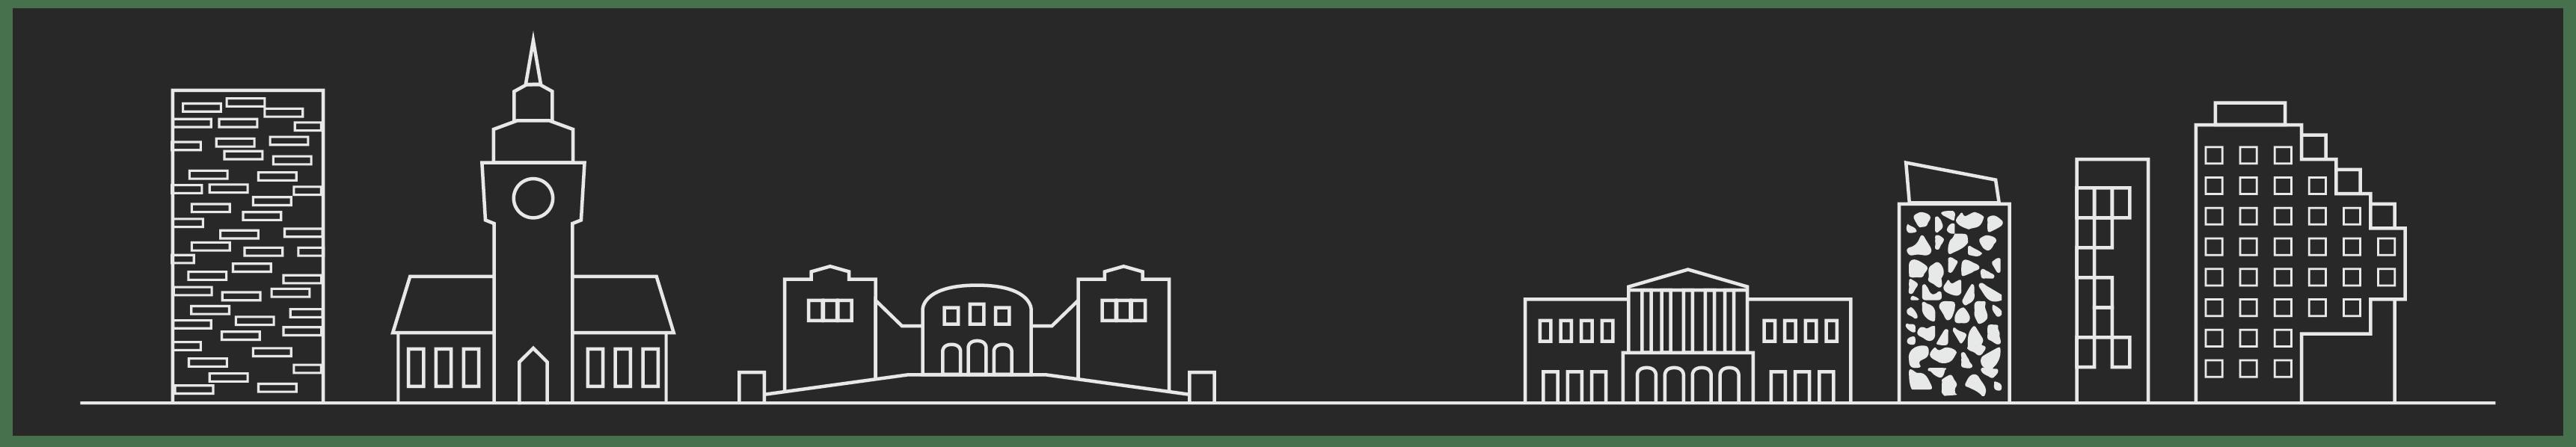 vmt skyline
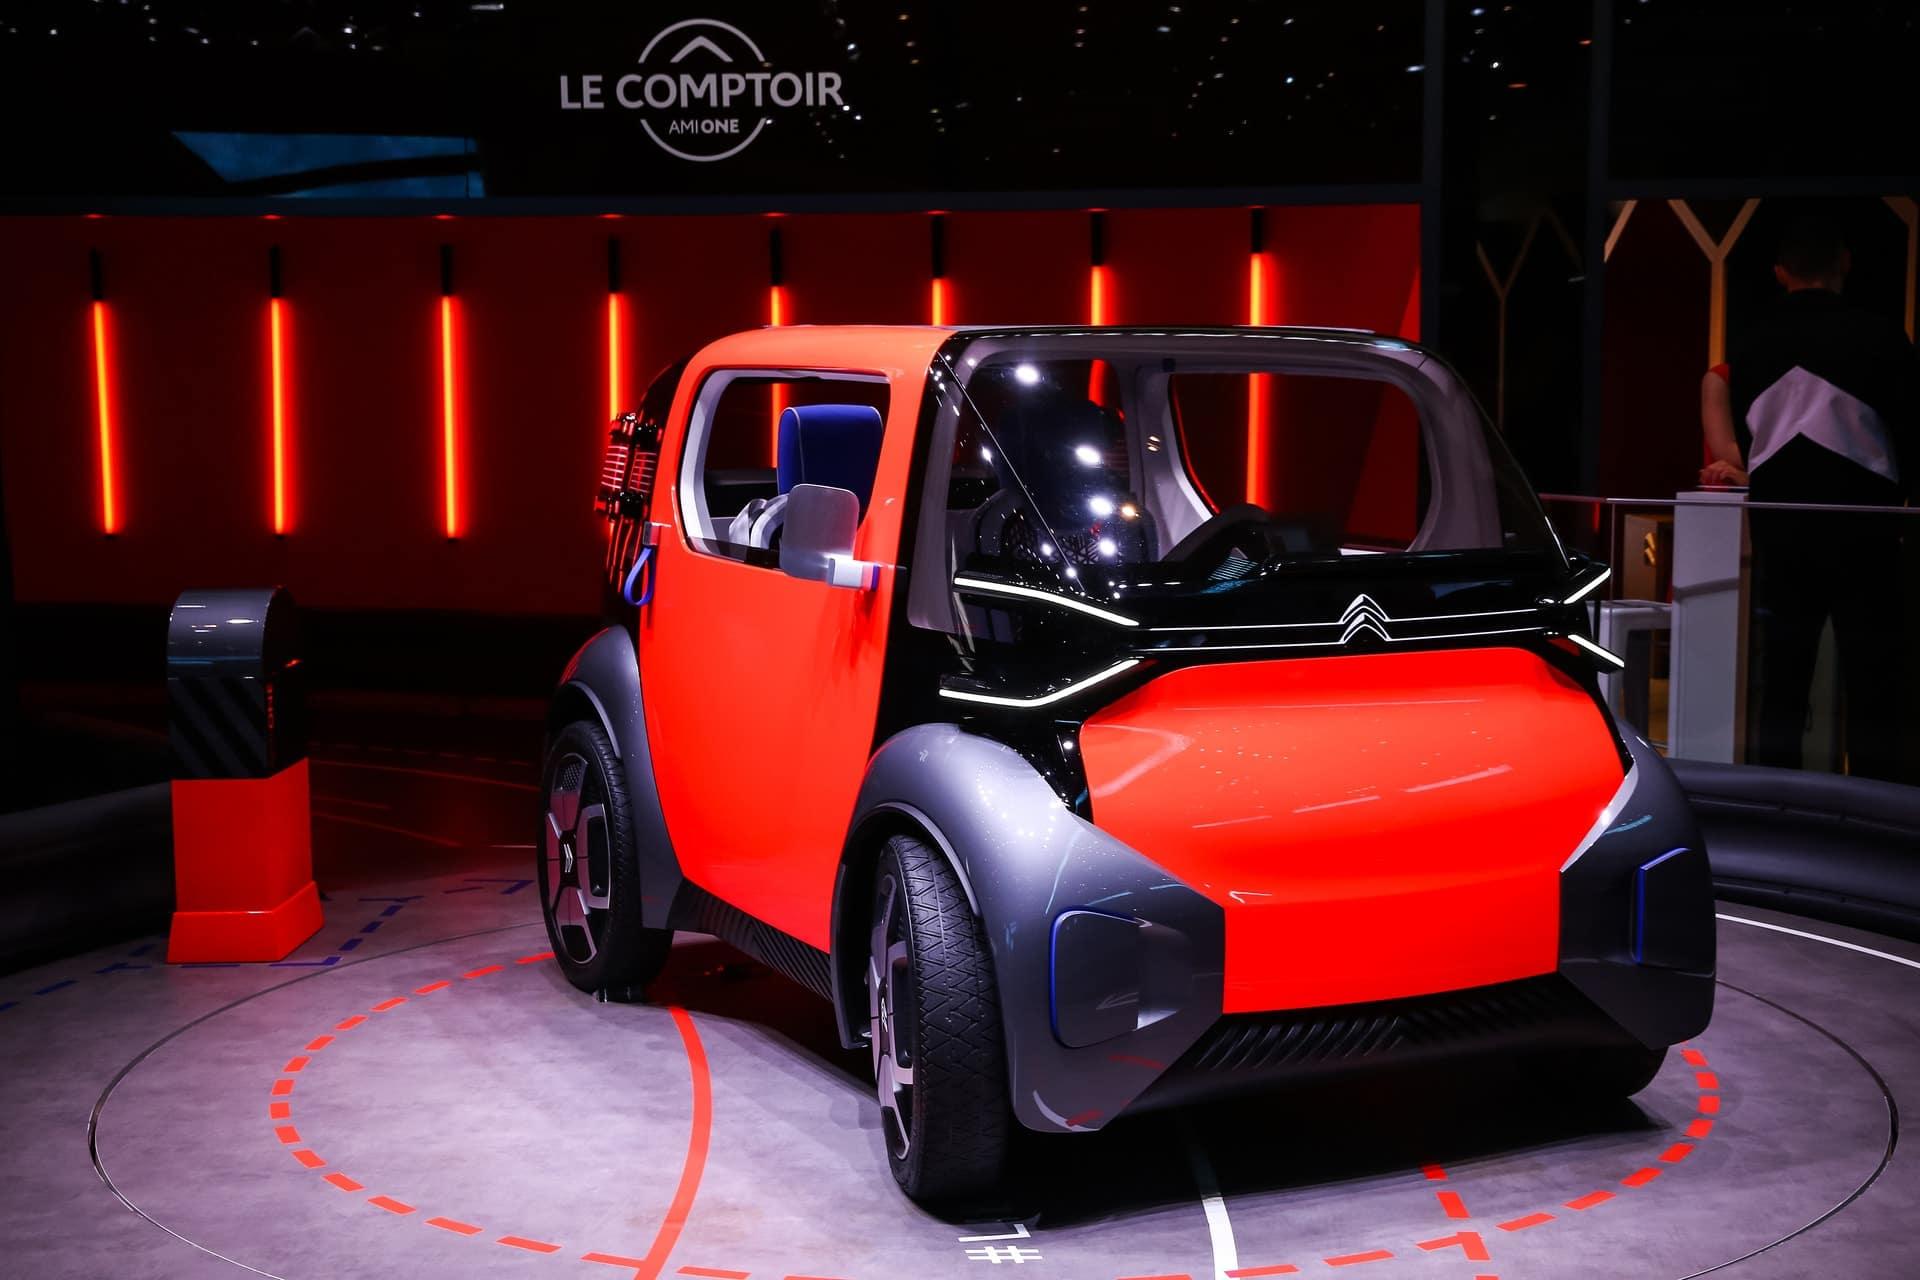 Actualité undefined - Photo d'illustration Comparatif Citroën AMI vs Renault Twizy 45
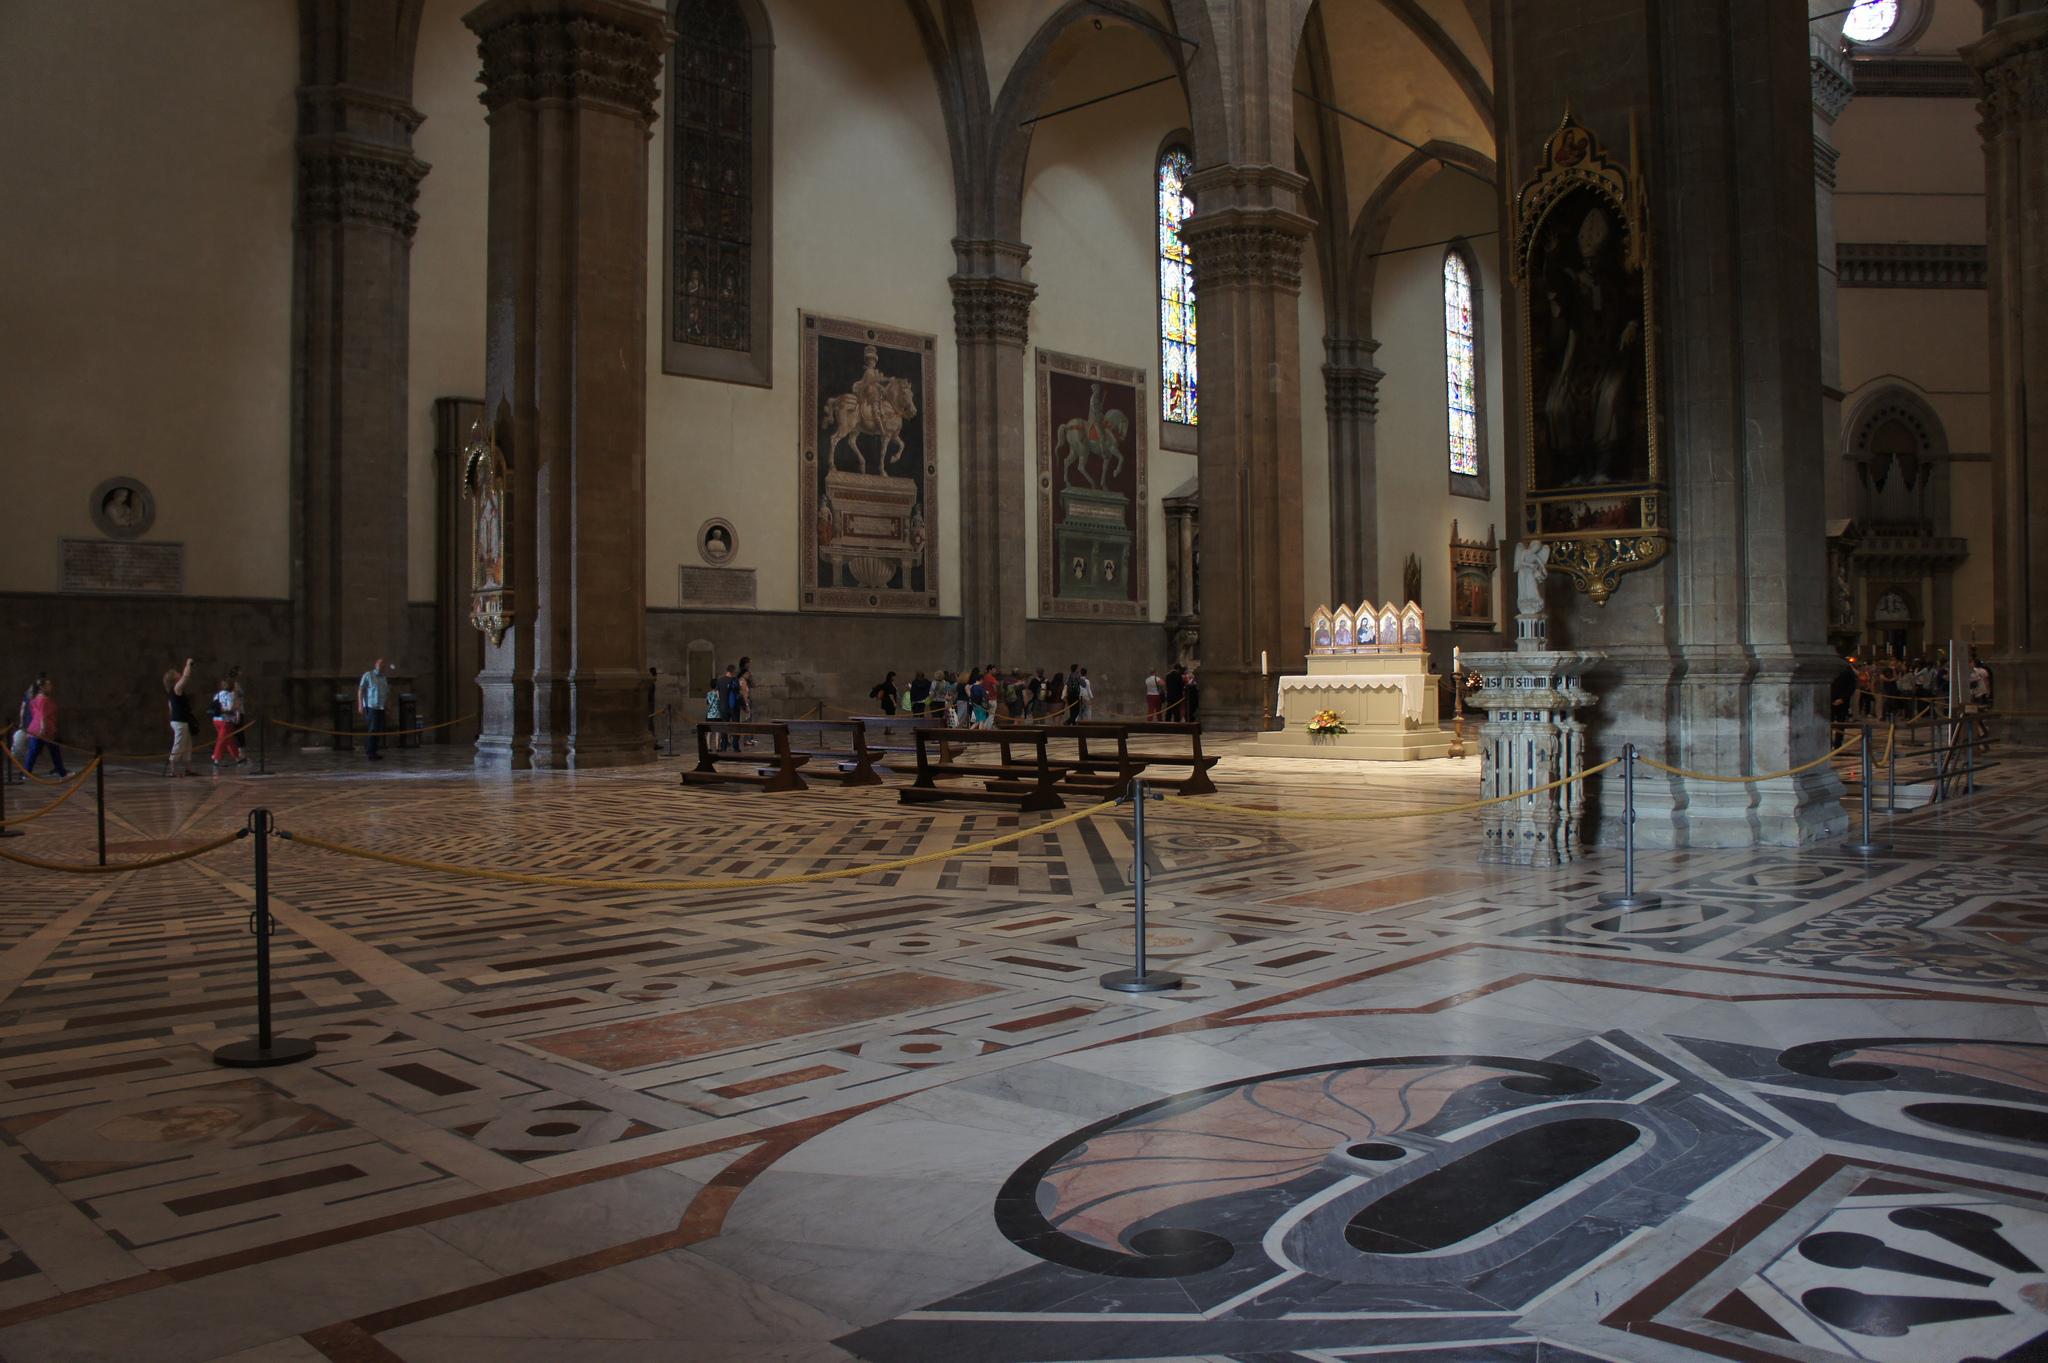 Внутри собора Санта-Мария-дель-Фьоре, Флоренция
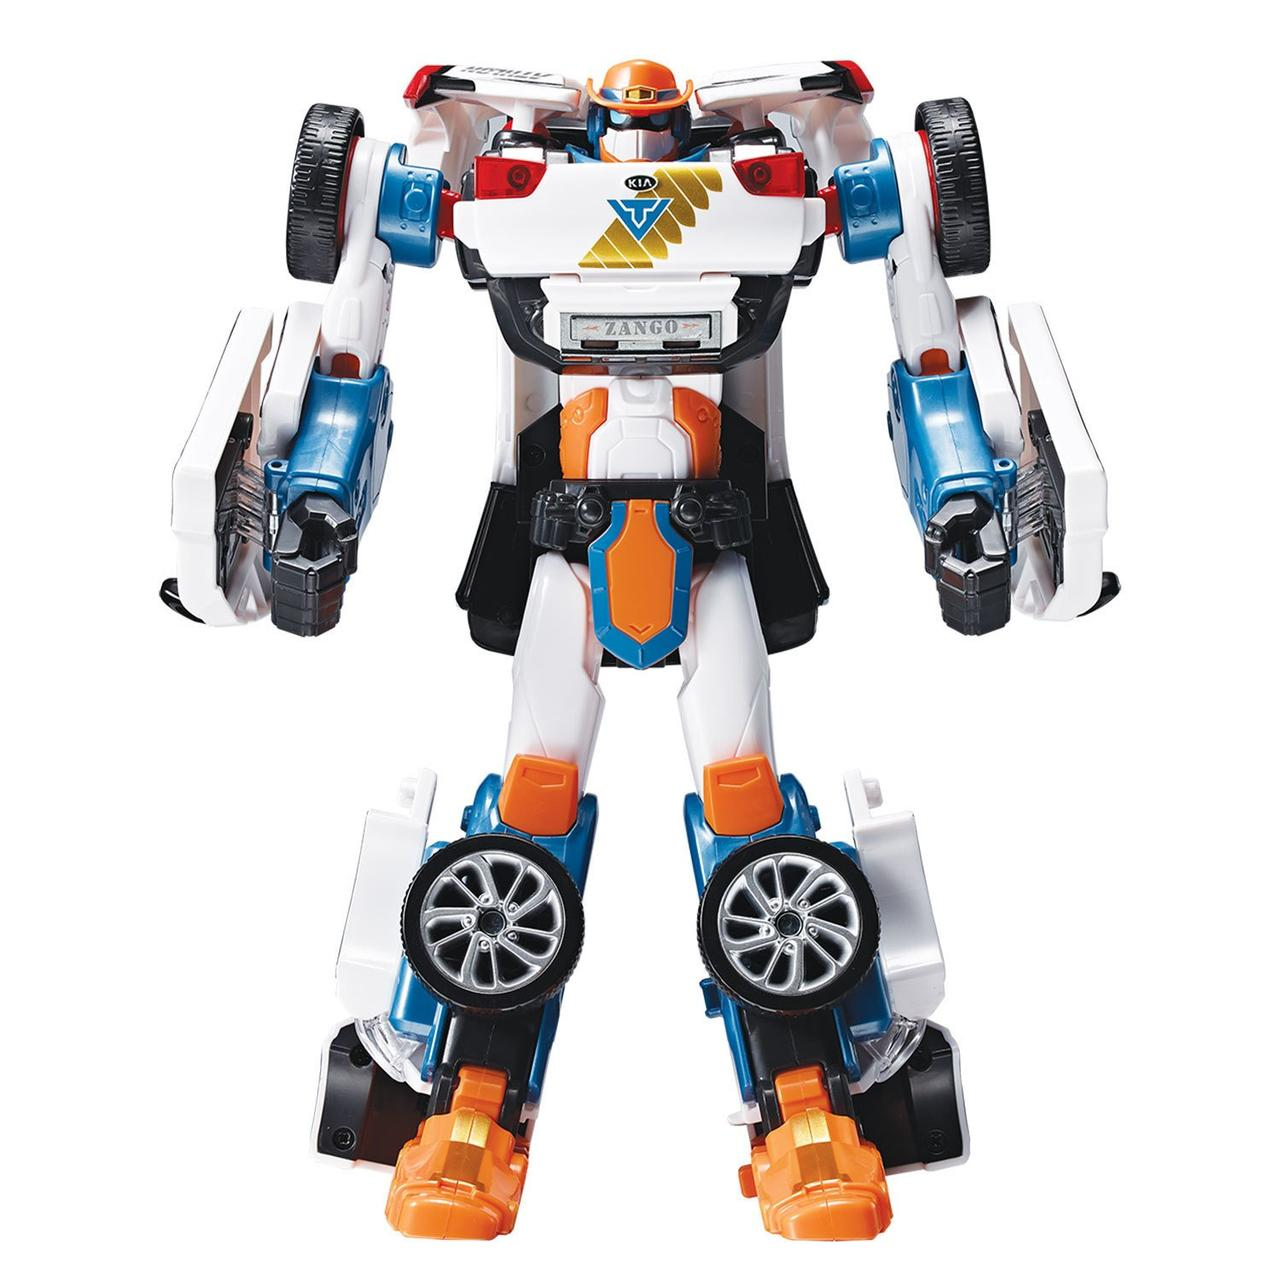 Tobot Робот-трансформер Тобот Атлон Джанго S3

▶ _Directions for this task_: Print the lines from the one that contains "Внутри собора Санта-Мария-дель-Фьоре, Флоренция" through the last line of the data, exactly and in full, and no other lines. Pictures are not part of the copy.

▶ _Result for this task_:
 Внутри собора Санта-Мария-дель-Фьоре, Флоренция
 Tobot Робот-трансформер Тобот Атлон Джанго S3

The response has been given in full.